Though clearly an example of using the concept of intensification s.s (it explains
how declines in foraging efficiency affiliated with behavioral shifts toward the
adoption of cultivars helped mediate population-resource imbalances in groups that
operated in the gray zone between foraging and farming), Yu is equivocal about
what intensification entails, opting for Binford’s (2001, p. 188) simple definition of
intensification as ‘‘any practice(s) that increase food productivity per unit area,’’
implying that decreasing efficiency is not necessary for intensification (s.l.) to occur.

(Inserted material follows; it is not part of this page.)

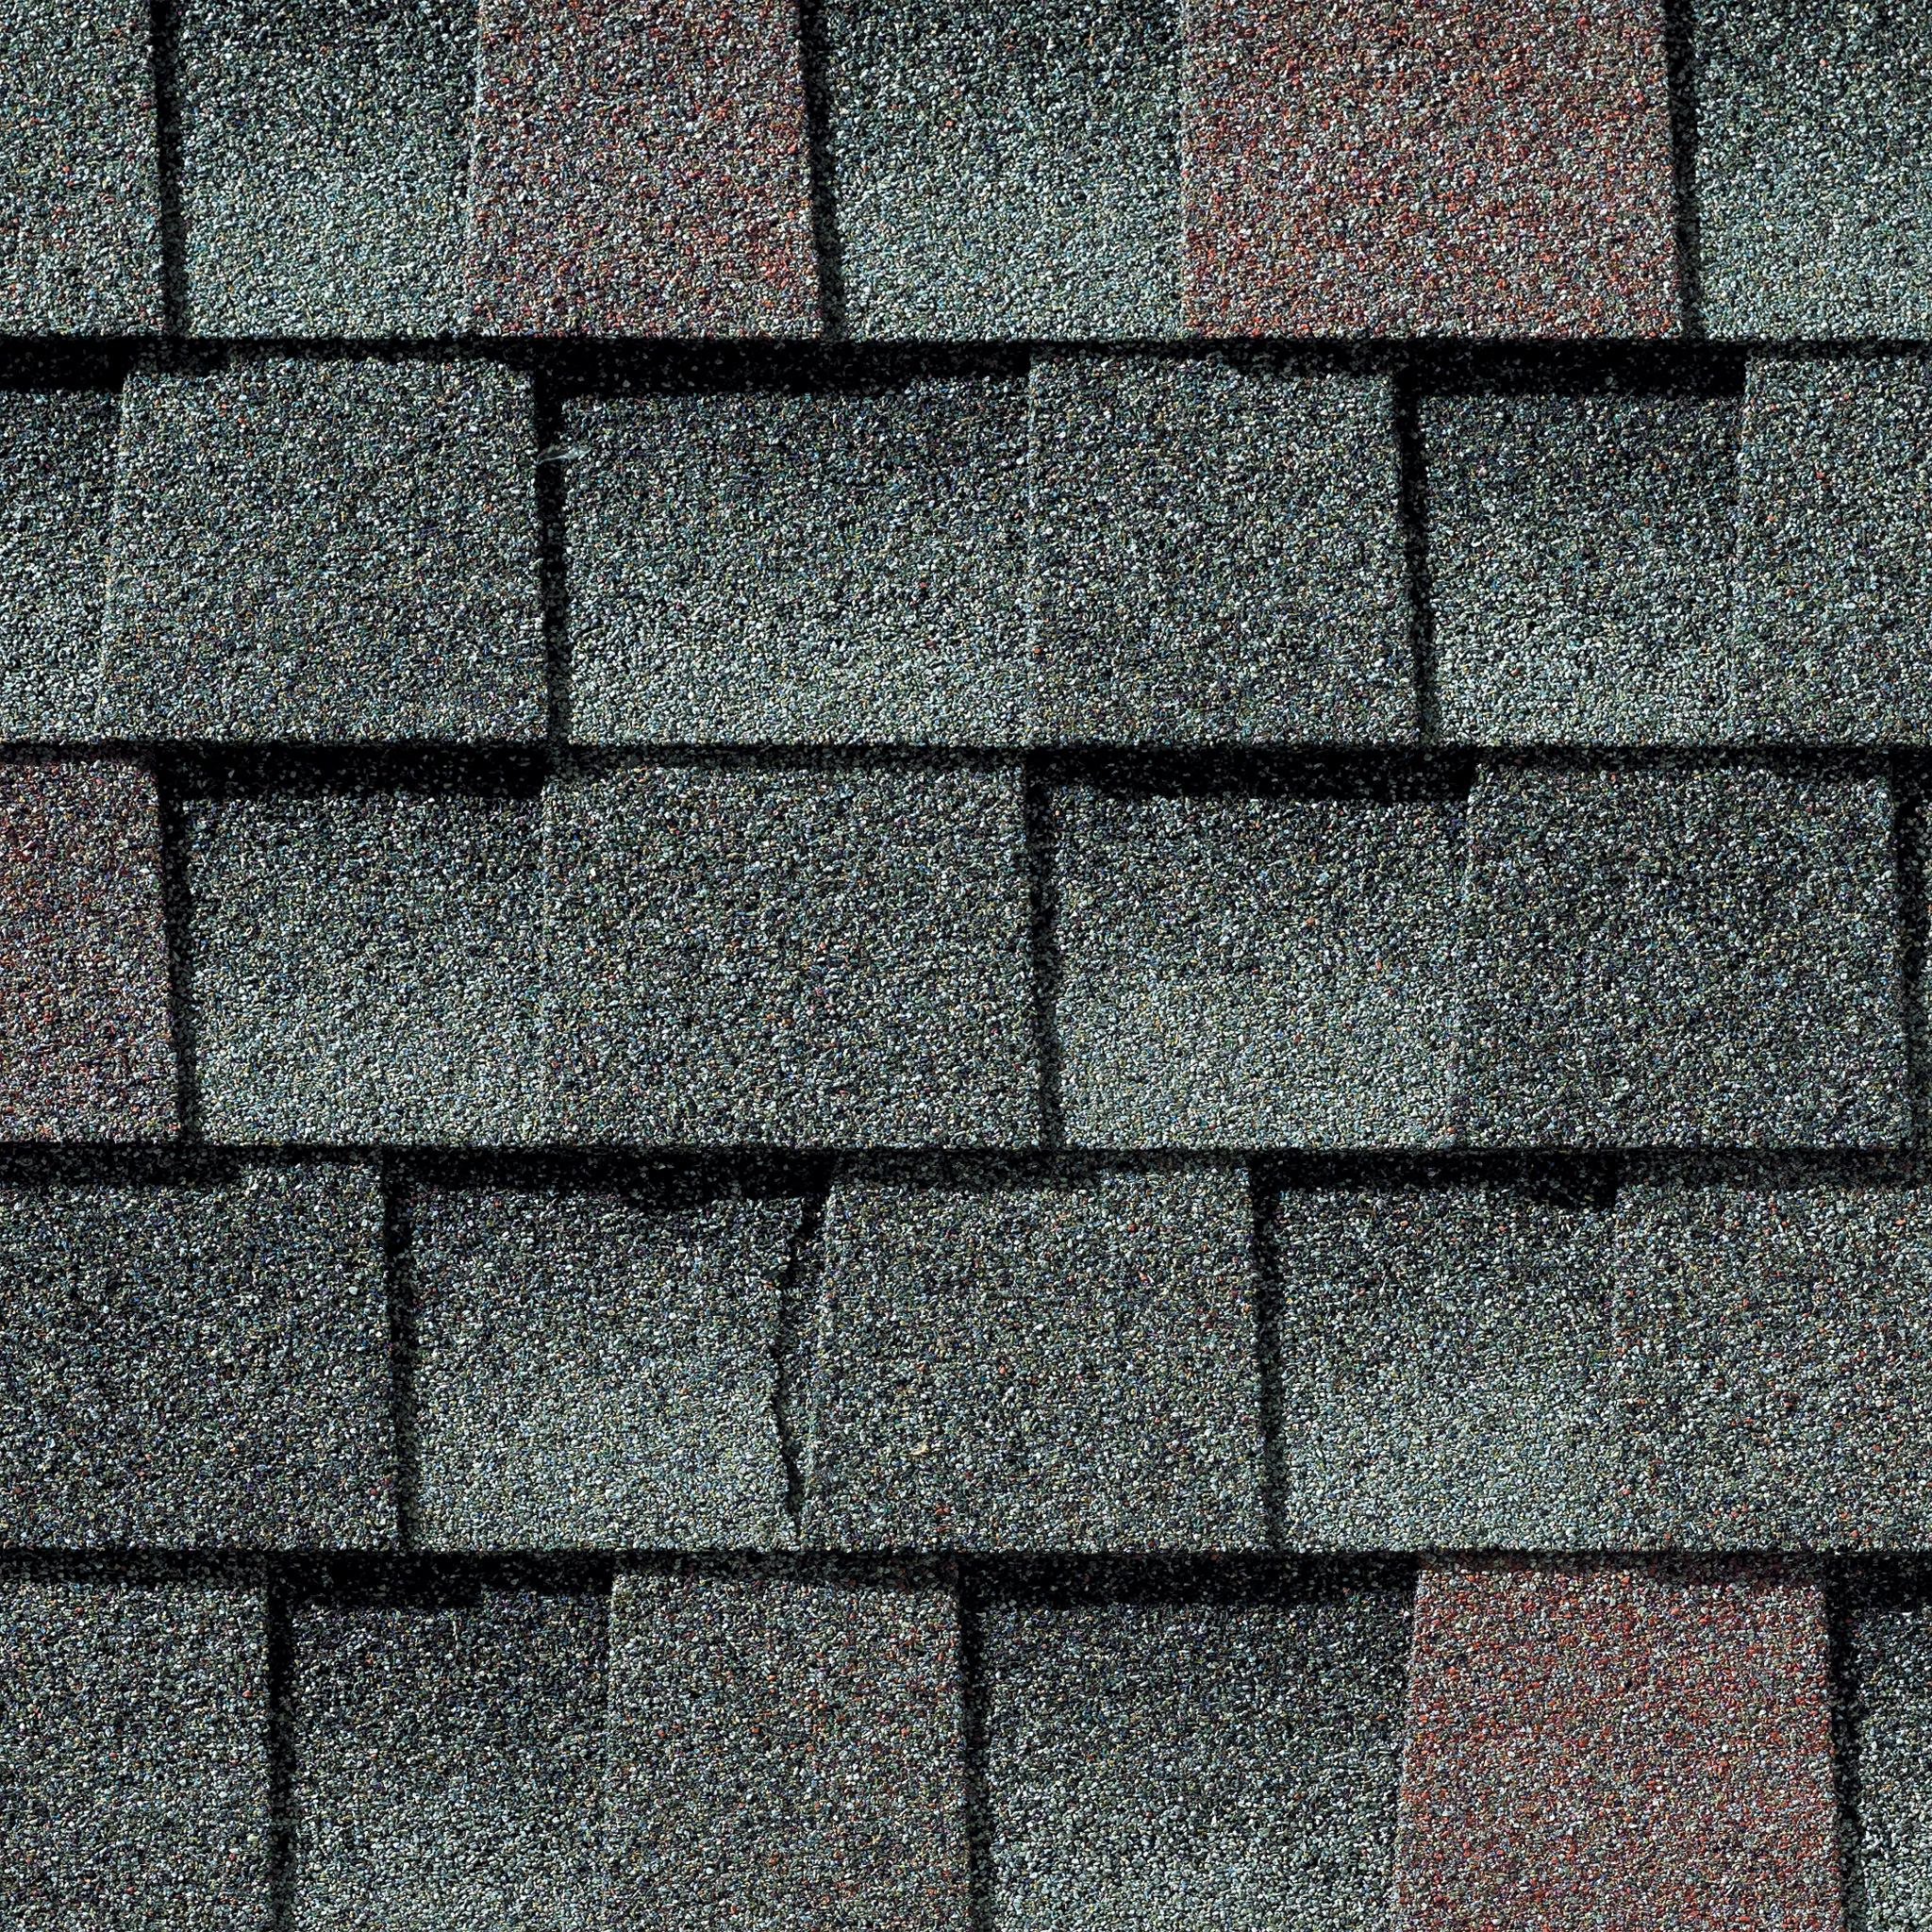 Close up photo of GAF's Timberline HD Williamsburg Slate shingle swatch

Finally, Betts and Friesen (2004) use specialization, diversification, and
investment to analyze diachronic subsistence change from roughly 700 BP and
into very early historic times on the Mackenzie River delta in Canada’s Northwest
Territories. They base their analysis on faunal assemblages from three sites—Cache
Point, Pond, and Kuupak—which together contain six different components. Using
evenness indices (Reitz and Wing 1999) as proxies for specialization, they argue the
Thule/Inuit specialized in the pursuit of Beluga whale (Delphinapterus leucas) in all
components. Using richness indices, however, they note greater diversification in
the subsistence economy in the latest components, with increases in birds and fish
driving the change. Lastly, by looking at investment through the lens of netted vs.

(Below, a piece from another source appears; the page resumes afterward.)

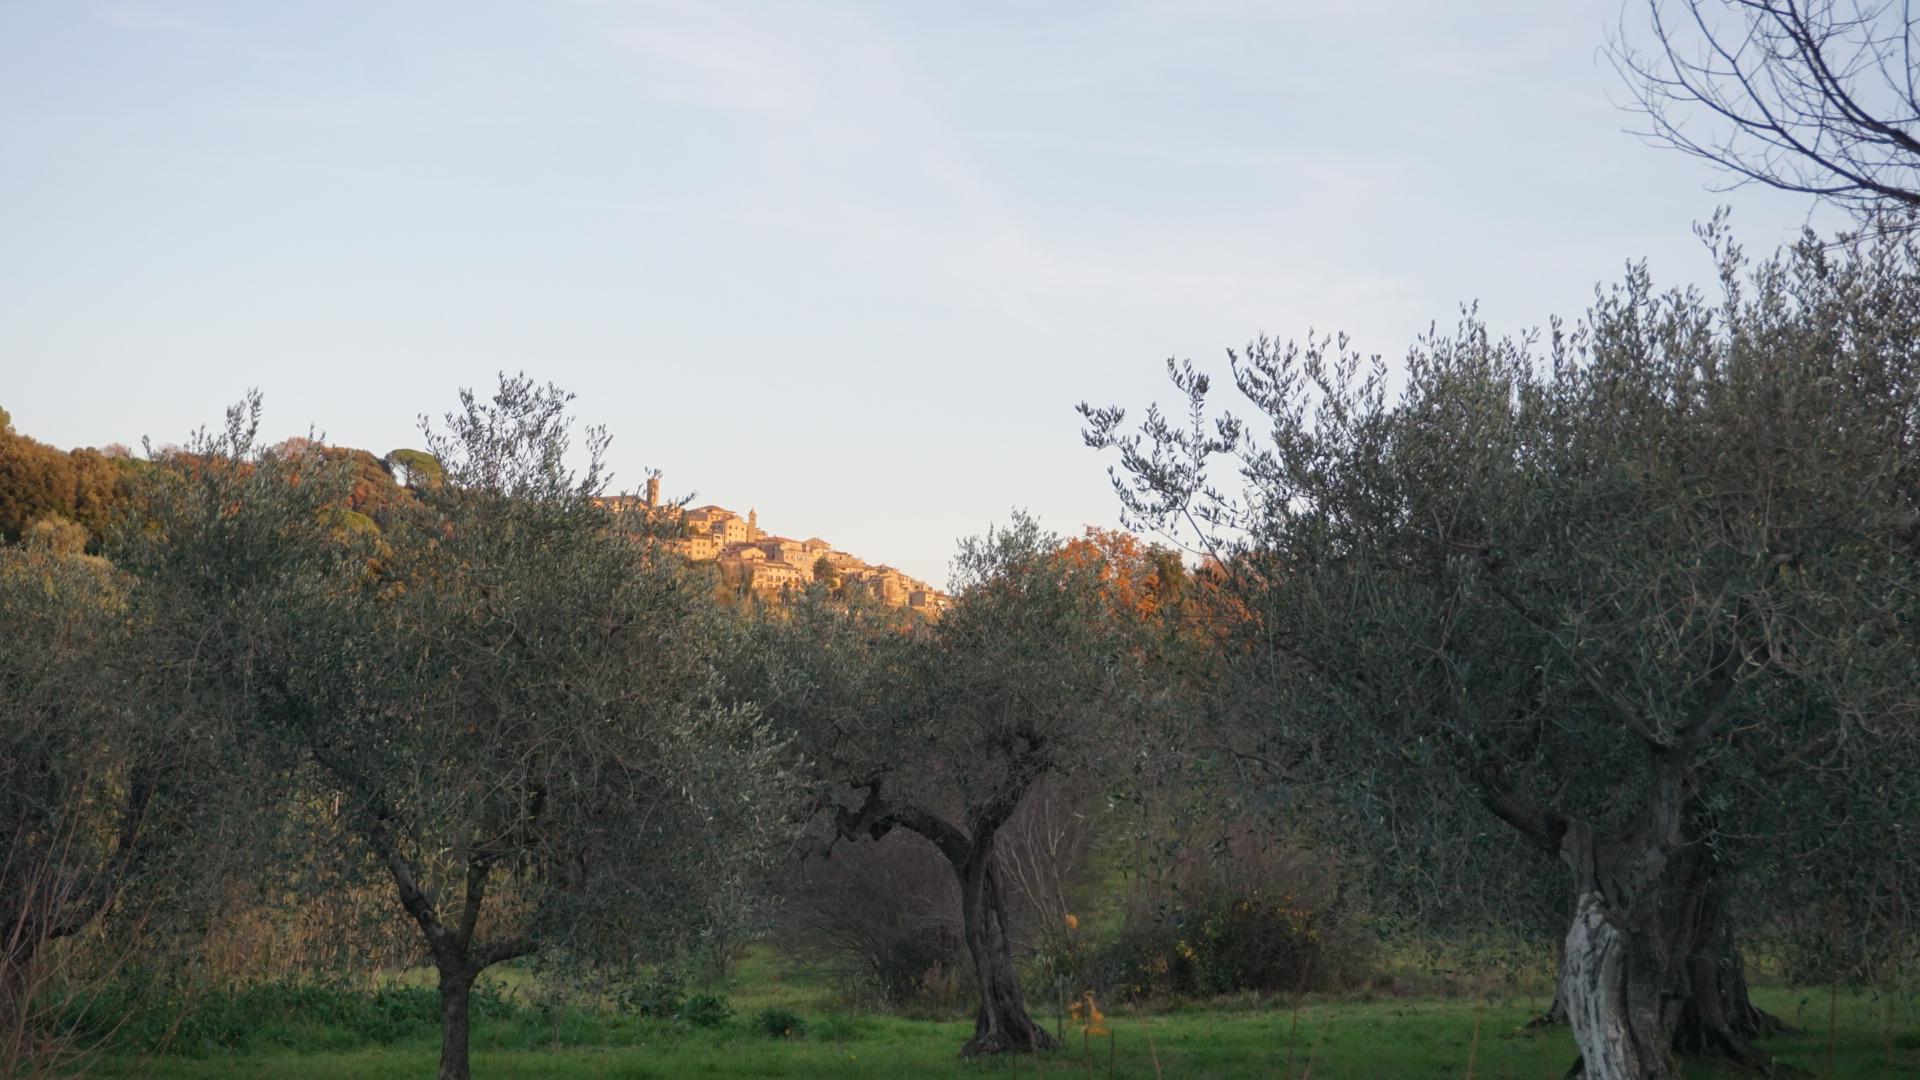 Olive - Olio Extravergine d'oliva - Casale Marittimo, Toscana - Podere Fornelli

non-netted fish and seasonality data as proxies for occupational intensity, they argue
investment (both technological and settlement) increased very late in the sequence
as well, particularly at the onset of the historic period. They mostly avoid discussion
of the historically mediated context of culture contact and disruption, however,
choosing instead to focus on population pressure as a causal mechanism for this
change. They do, however, conflate increased productivity with increased
efficiency, which may or may not be the case given the difference between
intensification s.s. and s.l.
Great Basin
Outside the west coast, the Great Basin has arguably generated the greatest amount
of literature on hunter-gatherer intensification in North America, the result, like
Australia, of the region’s long history of contributions to hunter-gatherer theory
(and, like Australia, a somewhat surprising circumstance given the region’s
relatively low aboriginal population densities). Recent research not surprisingly runs
the gamut from using intensification in its broadest sense, as simply entailing doing
more of something (even if this entails increased foraging efficiency) to drawing
into the archaeological fold the confounding factor of differential foraging goals and
their effect on interpreting the behavioral proxies usually used as markers for
intensification.
Recent research that identifies intensification s.l. is rampant in the region. For
instance, Garfinkel et al. (2007) use the term in its broadest sense, as simply
signifying increase. They argue that increases in the quantity of petroglyphs during
AD 600–1300 and pictographs in historic times in the deserts of southeastern
California occurred during periods of resource and cultural stress. Morgan et al.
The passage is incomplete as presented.